Amended on: June 21, 2005

Amended on: April 28, 2006

 

Code of Ethics for Directors and Managing Officers

 

Clause 1 Purpose

 

This Code of Ethics sets forth standards that the Directors and Managing Officers of NTT DoCoMo, Inc. (the “Company”) must follow in performing their duties. All Directors and Managing Officers are to act in compliance with applicable rules and regulations and to act honestly and ethically.

 

Clause 2 Scope of Application

 

For purposes of this Code of Ethics, a Director or a Managing Officer is defined as a director or a corporate officer of the Company, a head of a major departmental section of the Company within the meaning set forth in the Corporation Law and any other head of a major organizational section as set forth in the Company’s organizational regulations.
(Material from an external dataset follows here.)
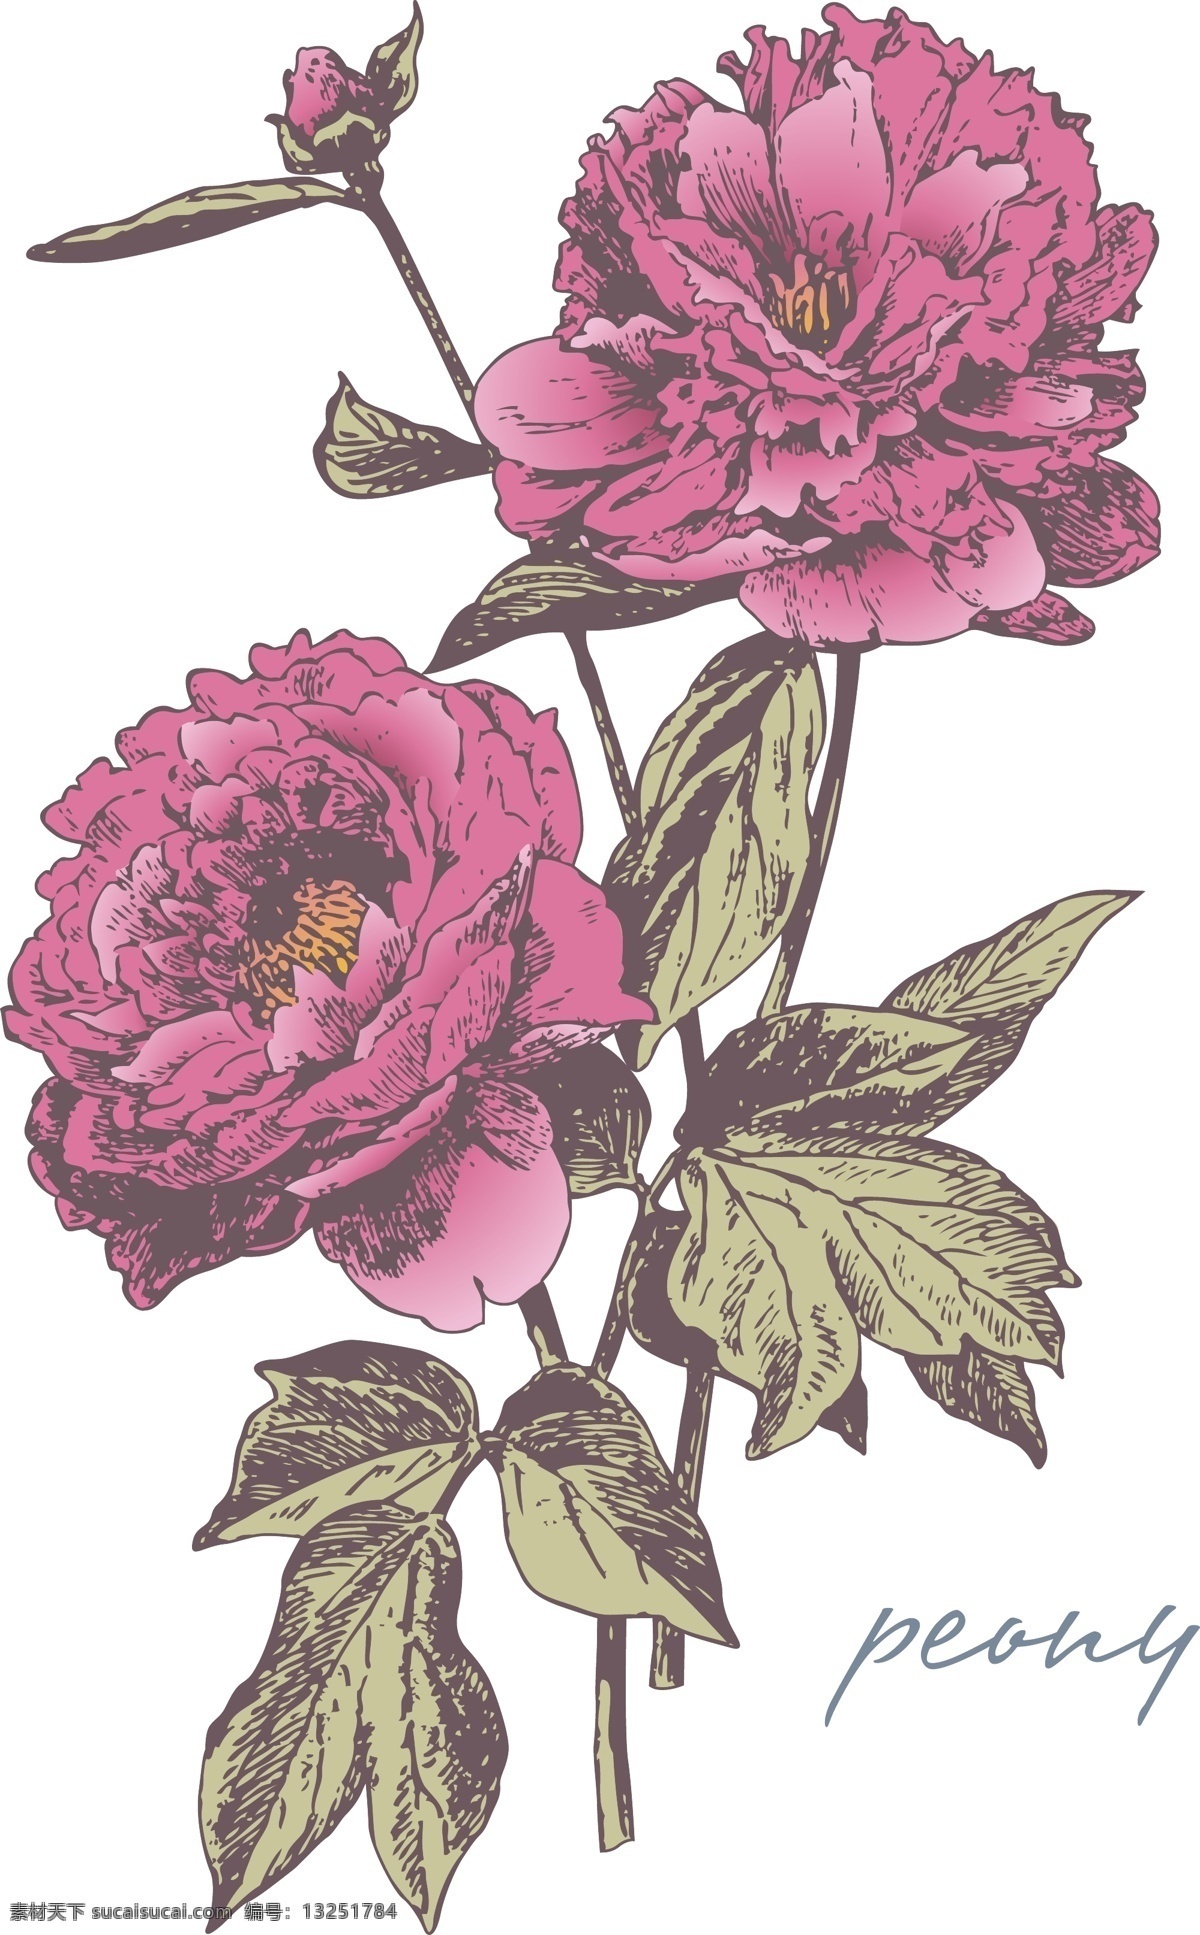 背景图片 花边素材 花卉图案 花纹素材 模板 素材元素 复古鲜花 植被图案 自然植被 矢量图 花纹花边

This Code of Ethics applies to all Directors and Managing Officers.

 

Clause 3 Conduct

 

A Director or a Managing Officer must, in performing his or her duties, always act honestly and ethically.

 

Clause 4 Compliance

 

A Director or a Managing Officer must comply with all Japanese and foreign laws, rules and regulations applicable to him or herself or to the Company and also with internal Company regulations (the “Laws and Regulations”).

 

Clause 5 Avoidance of Conflict of Interest

 

Prior to taking an action or engaging in a transaction that would give rise to or could possibly give rise to a conflict of interest, a Director or a Managing Officer must obtain prior approval of the Board of Directors in the case that he or she is a director, or the approval of a director in charge of corporate ethics in the case that he or she is a Director or a Managing Officer, but not a director. The director who is seeking approval pursuant to this Clause 5 cannot participate in the resolution to be made by the Board of Directors.

 

Clause 6 Full, Fair, Accurate, Timely and Appropriate Disclosure of Information

 

With regard to documents to be submitted to or otherwise disclosed to relevant government authorities or to stock exchanges where the Company’s shares are listed, a Director or a Managing Officer must work to make the disclosure full, fair and accurate and to make such disclosure at the appropriate time and in the appropriate manner.

 

6-2

 

In order to achieve the objectives mentioned in Clause 6-1, a Senior Officer who is President, Chief Financial Officer, Finance Department General Manager or a person performing similar duties as those of the aforementioned positions, must work to establish and maintain an internal control system with regard to preparation, management and disclosure of the Company’s financial information.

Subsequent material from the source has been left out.